Please restate, exactly, only the lines from the beginning of the listing below through the line containing "Olaycasino programı, sitenin", with the pictures left out.
━━ Data shown ━━
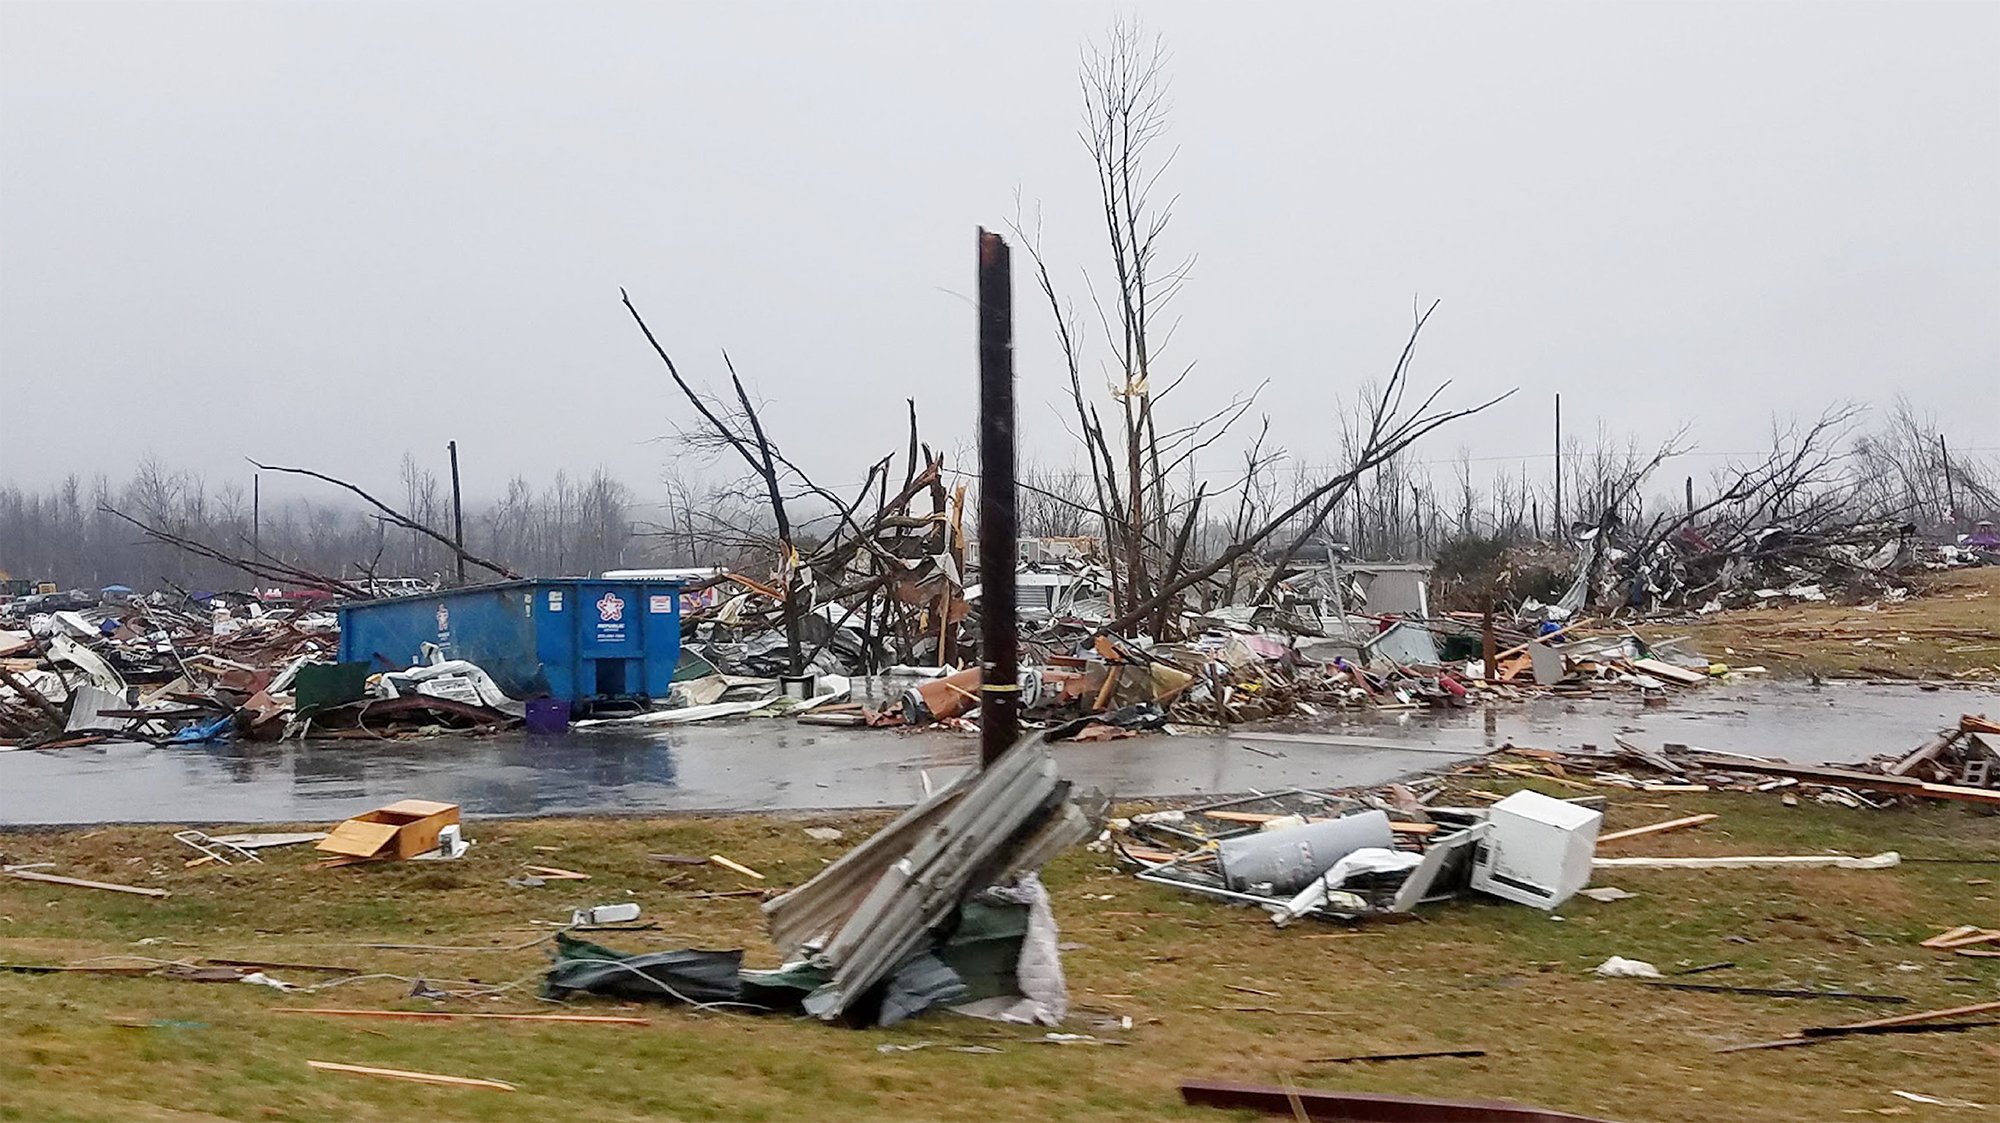 Western Kentucky Tornado Field
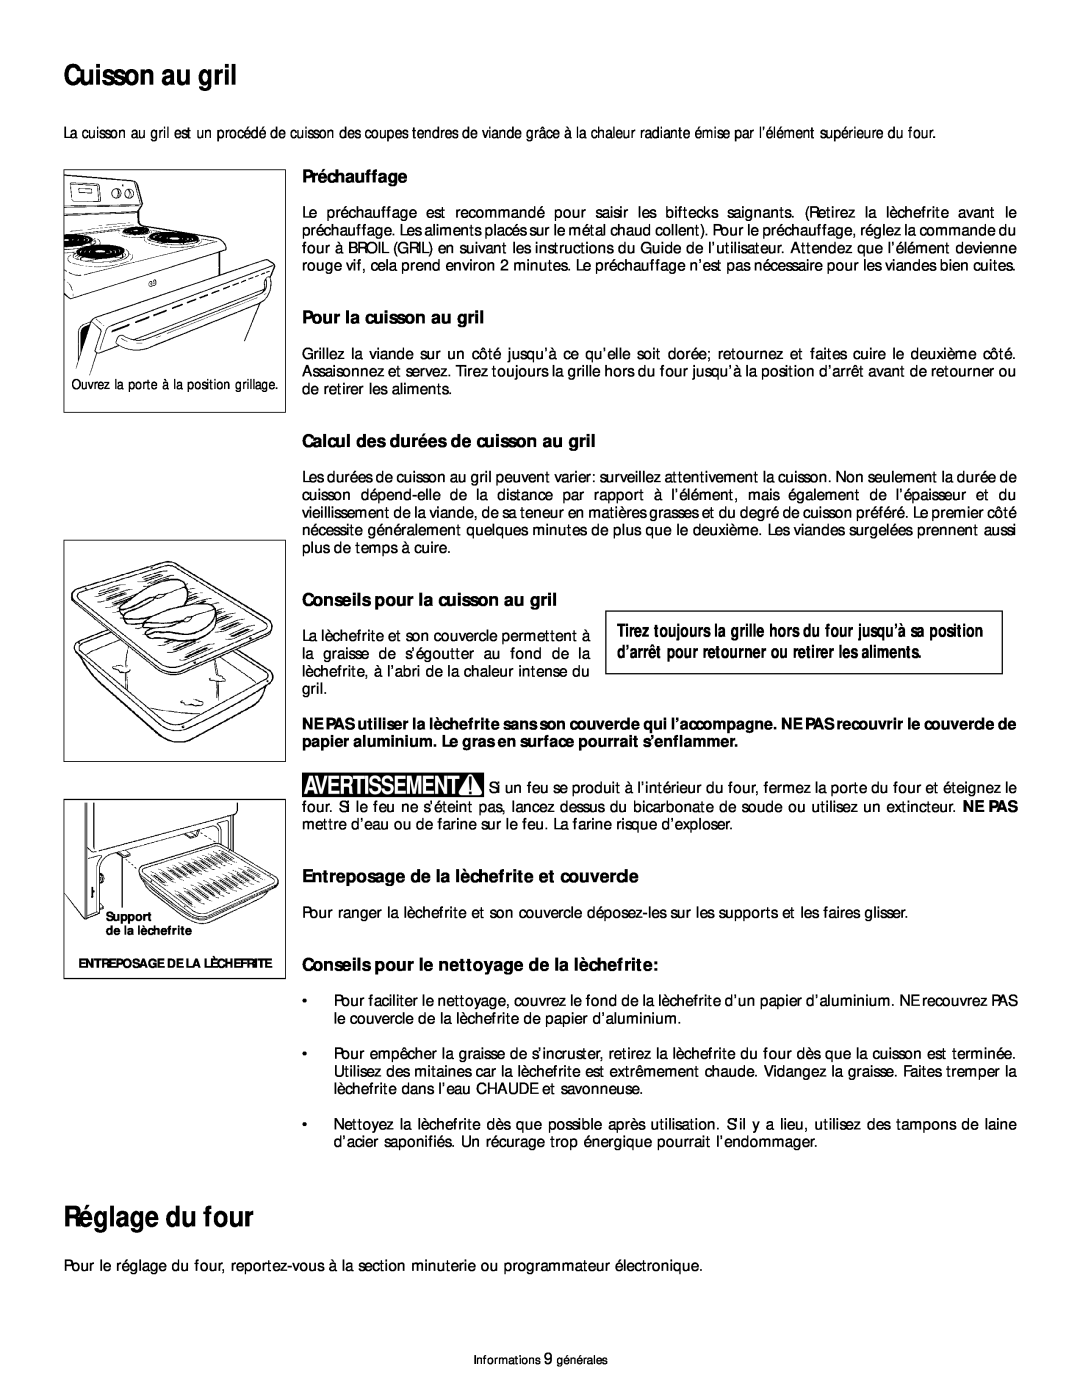 Frigidaire 318200404 manual Cuisson au gril, Réglage du four, Préchauffage, Pour la cuisson au gril 
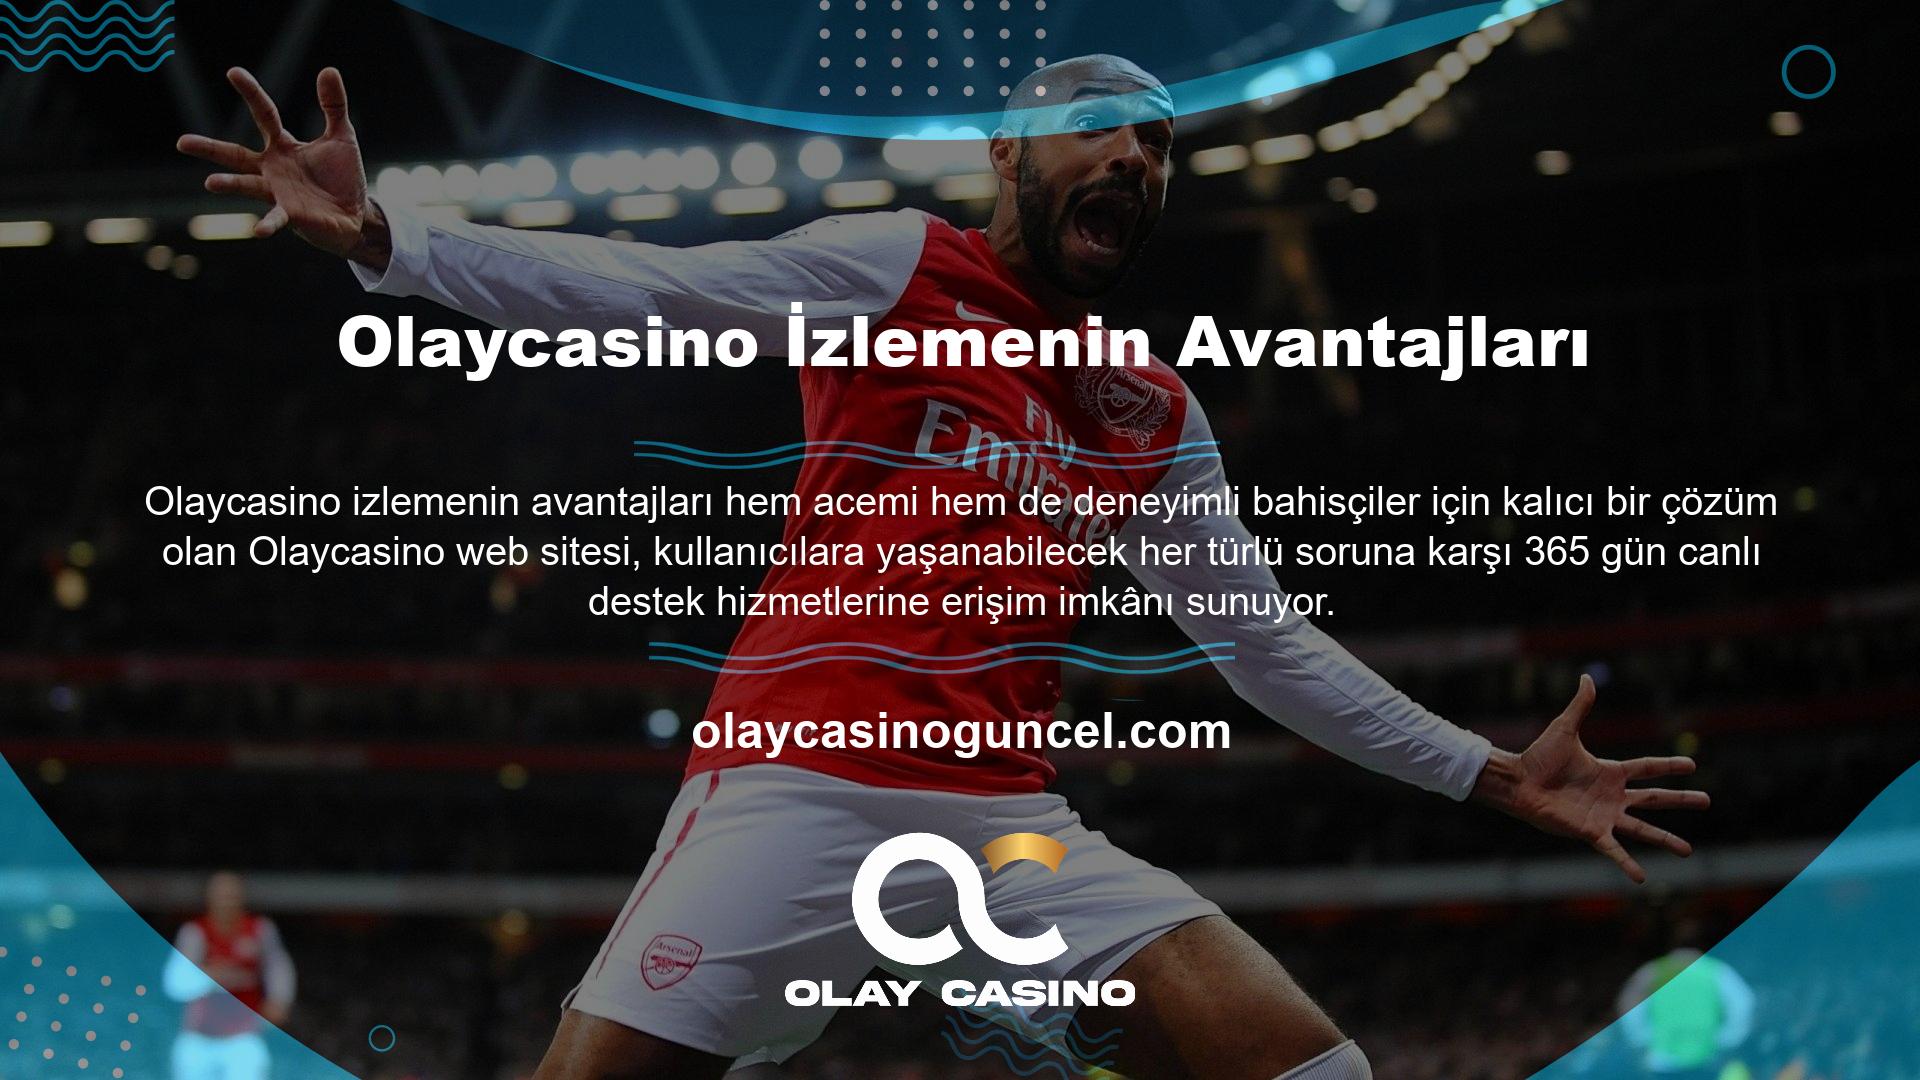 Olaycasino programı, sitenin sağ tarafında canlı destek sağlayan bir çevrimiçi bahis ve casino deneyimidir
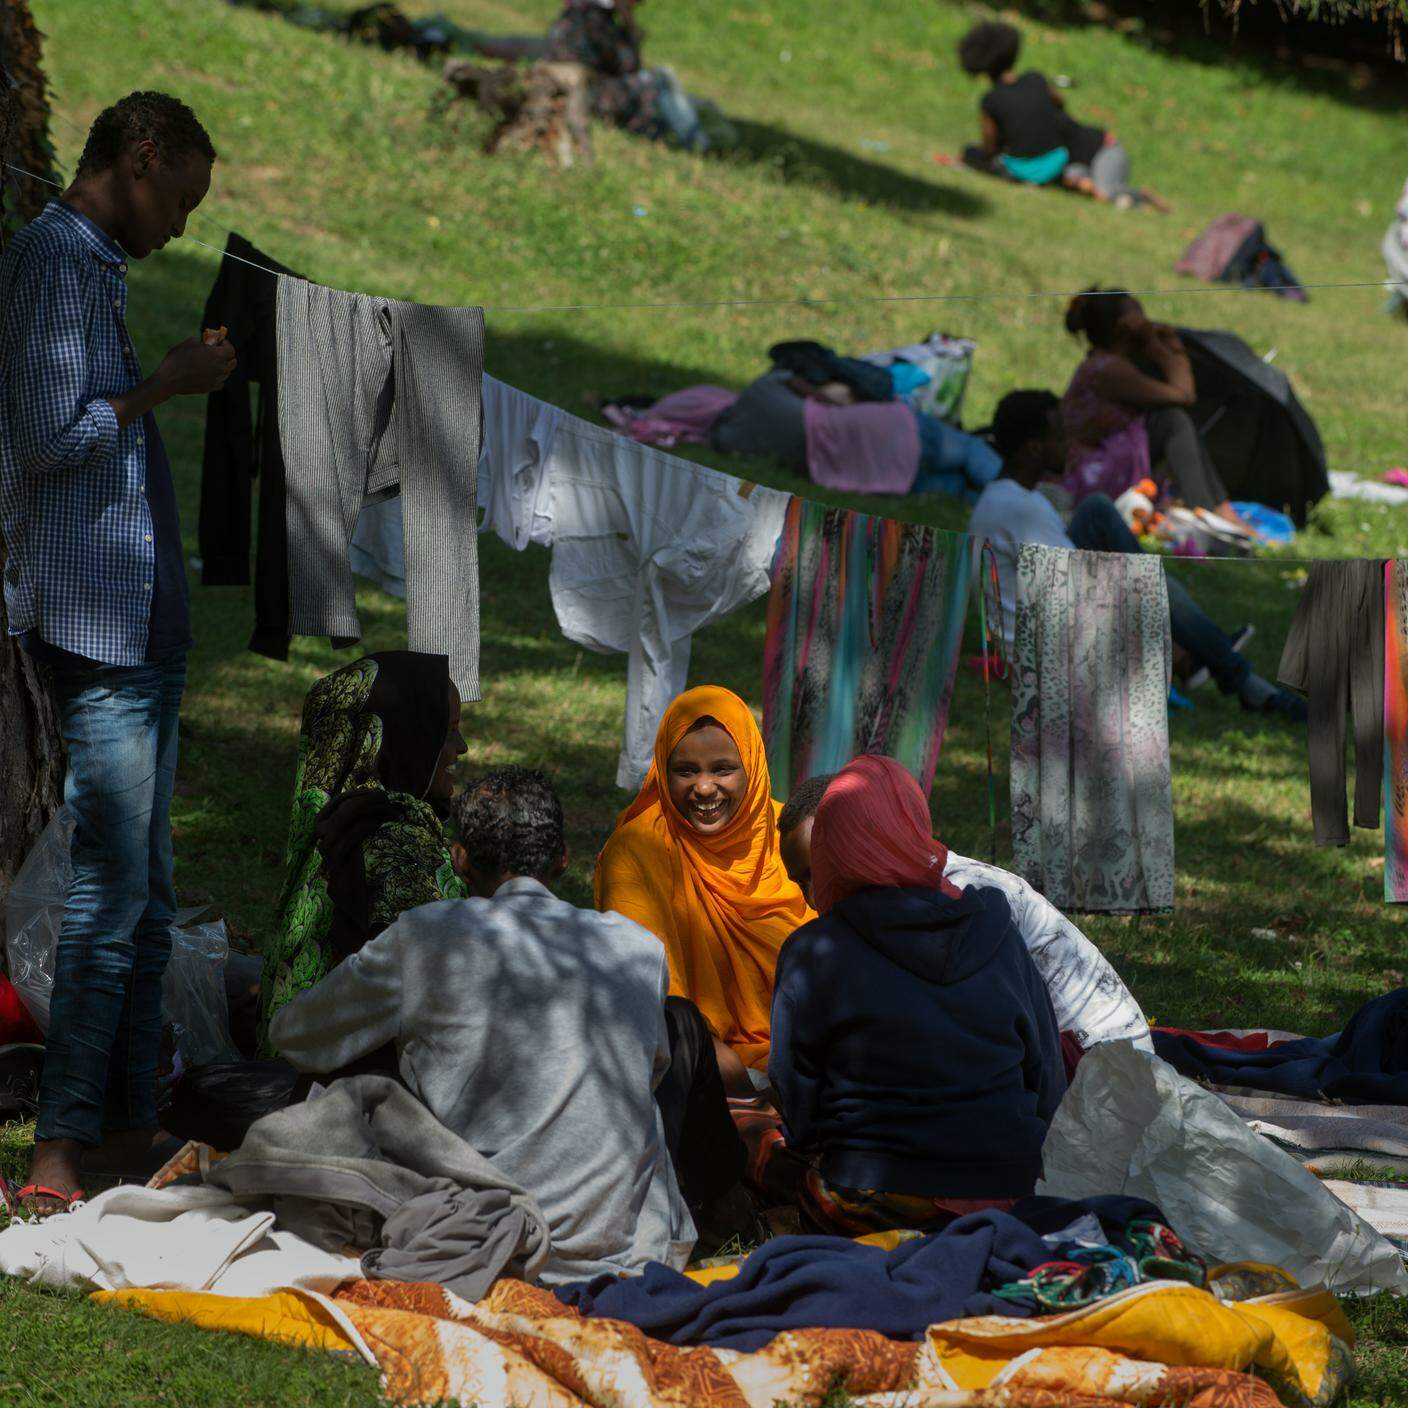 I migranti accampati nel parco vicino alla stazione
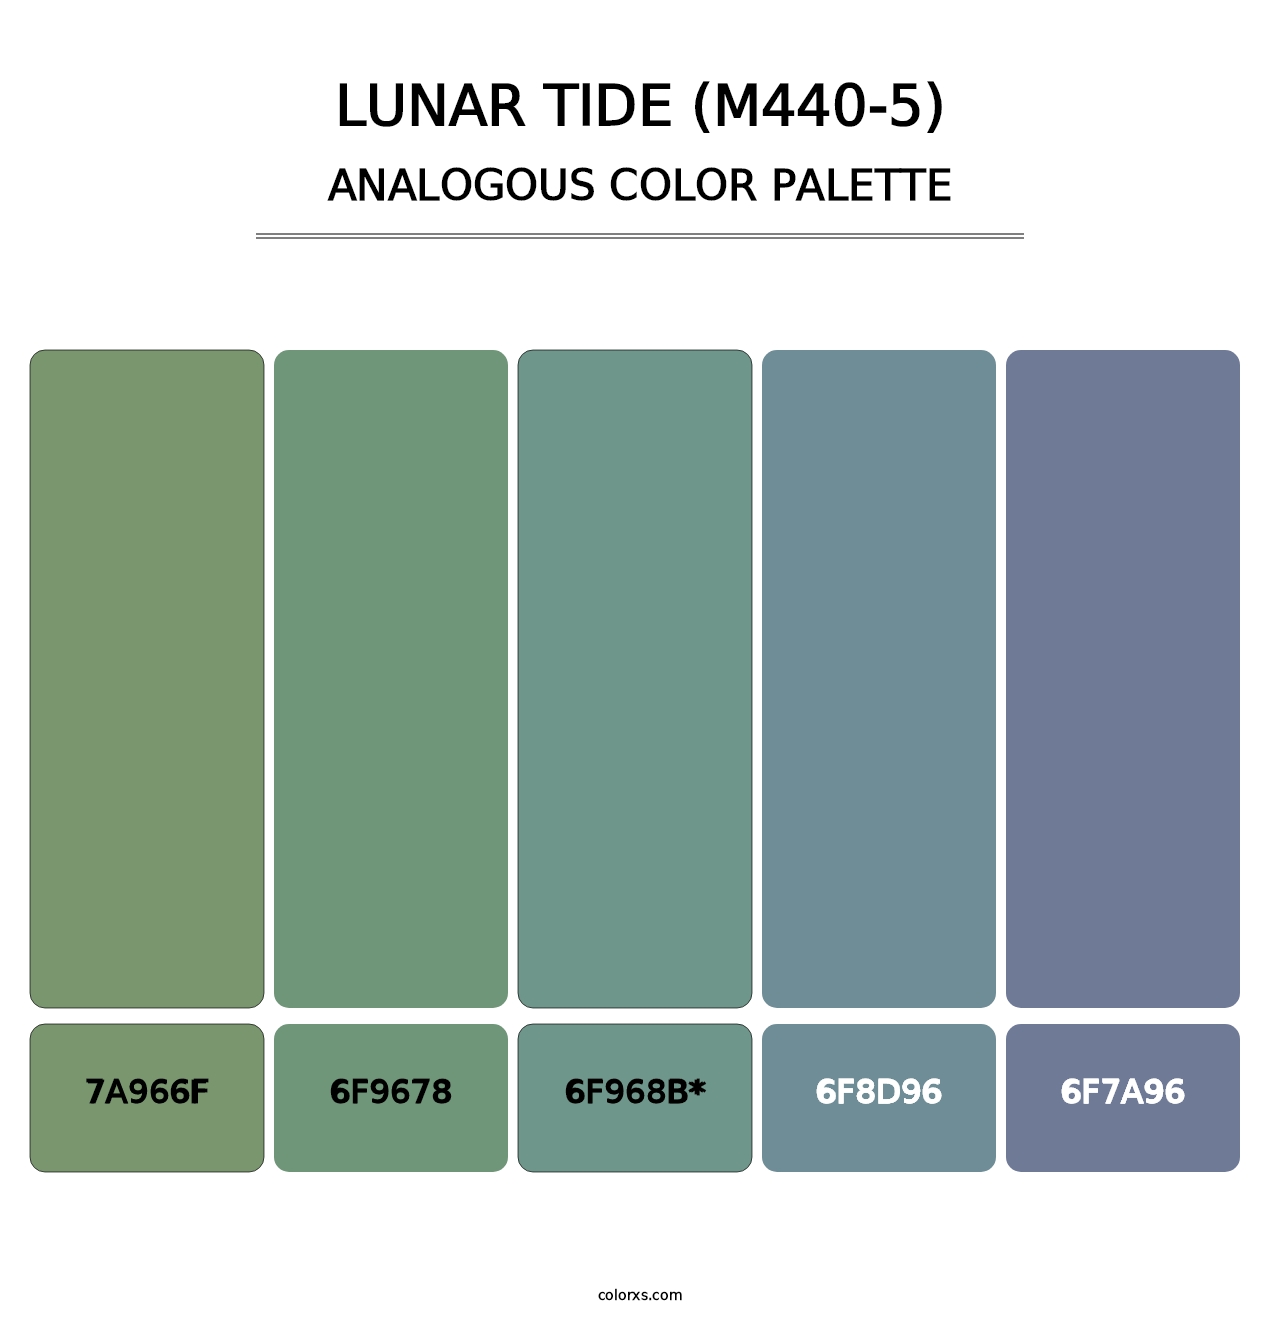 Lunar Tide (M440-5) - Analogous Color Palette
━━━
• _Answer section_:
 Western Kentucky Tornado Field
 Frigidaire 318200404 manual Cuisson au gril, Réglage du four, Préchauffage, Pour la cuisson au gril 
 Olaycasino programı, sitenin sağ tarafında canlı destek sağlayan bir çevrimiçi bahis ve casino deneyimidir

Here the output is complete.